Hungry Ghosts is a supernatural drama about being haunted physically and emotionally
SBS on Demand’s genre-merging new series—set in Melbourne’s Vietnamese-Australian community—is a supernatural thriller with a difference, writes critic Sarah Ward.
New SBS mini-series takes its title from the Hungry Ghost Festival, a month-long Buddhist and Taoist ritual in China, Vietnam and other parts of Asia each September, where participants venerate the dead. Set on the eve of the spiritual celebrations in Melbourne’s Vietnamese community, the supernatural drama also takes its moniker literally, with apparitions popping up within its frames.
These ghosts are hungry to settle old scores, reunite with their nearest and dearest, and share their pain. As Hungry Ghosts’ characters discover, one is particularly vengeful and vicious, and downright ravenous. The show handles its paranormal elements evocatively, judiciously but effectively deploying bumps and jumps—earning each and every one, and its ominous mood, too—but what stands out is how deeply Hungry Ghosts understands what it’s like to feel haunted in an everyday way.
Actually, in its concept and casting alone, much about the four-part series stands out. Local TV programs that tell Asian Australian tales, feature Asian Australian talent in most lead roles and fill their frames with Asian Australian actors as well (30 actors in the main cast here, plus 325 extras) shouldn’t be as uncommon as they are. Hungry Ghosts does feel undoubtedly rare, including in its storytelling focus. Four families earn the show’s attention, with the Le, Tran and Nguyen families of Vietnamese descent, and only the Stocktons hailing from an Anglo Australian background.

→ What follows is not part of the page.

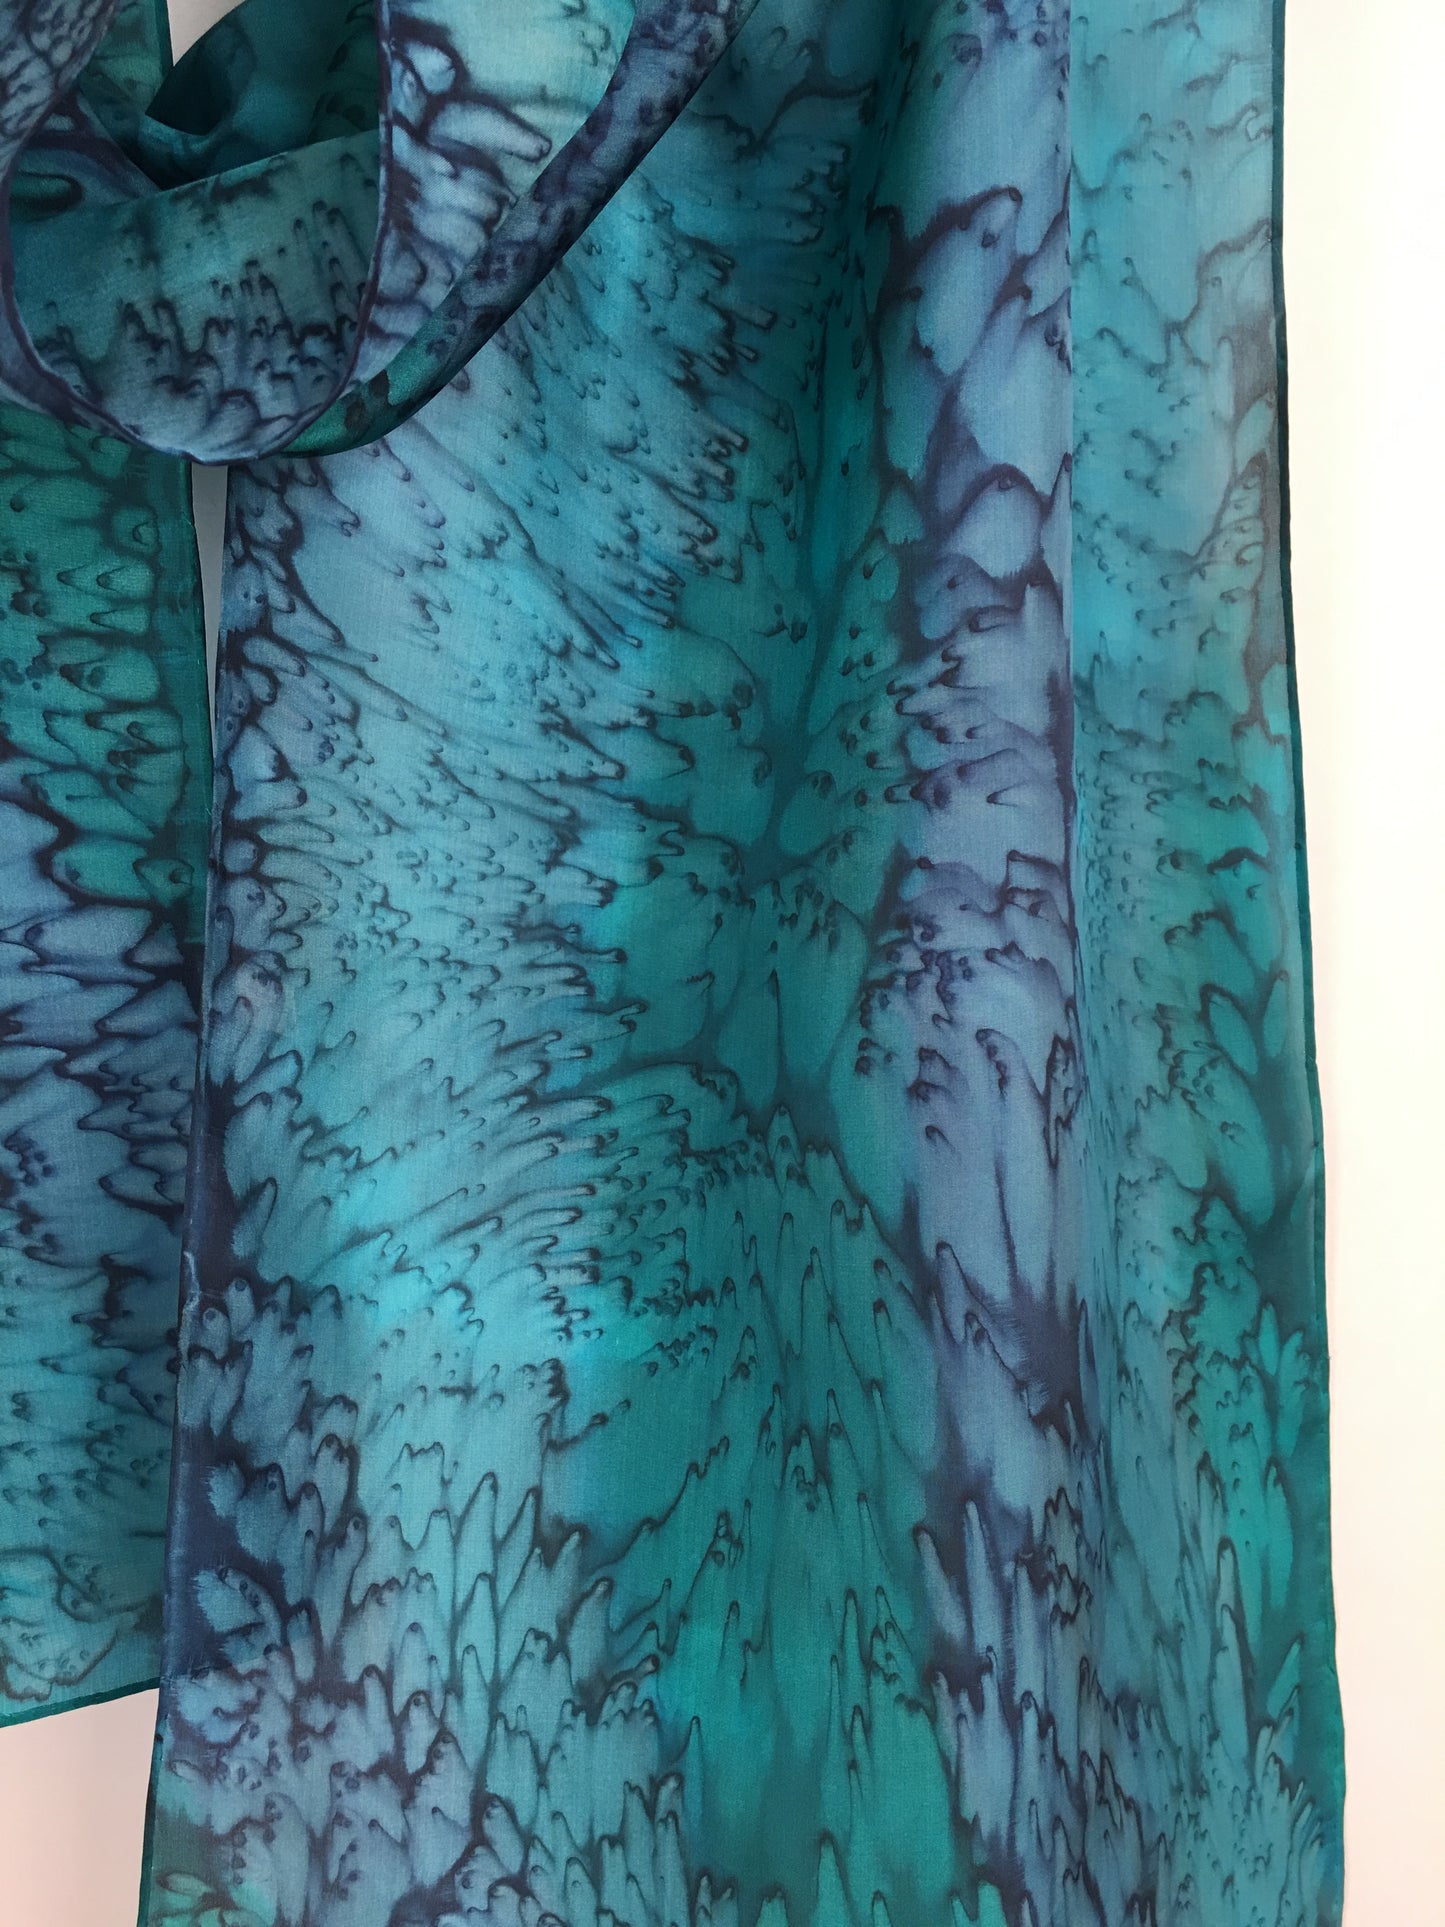 "Mermaid Ocean Reef" - Hand-dyed Silk Scarf - $115

Directed by Storm Boy and Deep Water’s Shawn Seet, and written by Timothy Hobart, Michele Lee, John Ridley, Alan Nguyen and first-timer Jeremy Nguyen, the series flits between various players, weaving their stories around a pivotal event: the opening of a tomb in Vietnam. During a minesweeping operation, Catherine Taylor (Susie Porter) accidentally stumbles across the crypt and, upon entering, unleashes an especially vindictive spirit. As the Hungry Ghost Festival approaches, she’s back in Melbourne, making her presence known. But it’s May Le (Catherine Văn-Davies) that’s Hungry Ghosts’ protagonist, with the 20-something nail salon employee haunted by visions after a tragedy involving her grandmother Phuong (Linda Hsia).
The series is deliberate and meticulous in introducing its ensemble and connecting them to the lingering spirits; everyone has a story. May also has her usually absent mother Stella (Susan Ling Young) to deal with, as well as an emergency medicine doctor, Ben (Ryan Corr), who starts seeing more than his patients. Wracked with survivor’s guilt since his childhood, his colleague Sang Tran (Lap Phan) rarely spends time with his own family, including his wife Diana (Oakley Kwon) and their university-student daughter Sophie (Jillian Nguyen).
Over in the Nguyen household, Anh (Ferdinand Hoang) was a soldier and then a prisoner during the war, then followed his wife Lien (Gabrielle Chan) and son Paul (Gareth Yuen) to Melbourne. Then there’s retired photojournalist Neil Stockton (Bryan Brown), who covered the war and is preparing for an exhibition of his work.
It’s not difficult to guess what each of the show’s characters are haunted by—other than otherworldly forces, including one eager to claim souls and escape the gates of hell. Hungry Ghosts takes its time to tease out the specifics, viewing regular woes through the prism of their new supernatural encounters. Its most affecting dramas are firmly steeped in the ordinary and ongoing. That’s what good ghost stories do, using the paranormal as a manifestation of the fears, woes, traumas and struggles that beset everyone all the time. Hungry Ghosts makes that connection in a big and overt fashion—with a concerted focus on shadows cast by the past, and by the war—but it always does so in an authentic and moving manner, with help from grounded performances.
As genuine as the series’ emotional impact feels, and as fleshed out as its collective outpouring of pain and trouble does as well, not every narrative element earns the same description. The thread involving Neil Stockton hews closely to recent Aussie feature Hearts and Bones, for instance, and threatens to squander the great Brown in the process. Of course, perhaps that’s fitting, with Hungry Ghosts saving its strongest material for the Vietnamese community it’s immersed within. Also apt: the expressiveness of Seet’s visuals, which give naturalistic tones an ethereal sheen, peer closely at the show’s characters and serve up a luminous final sequence.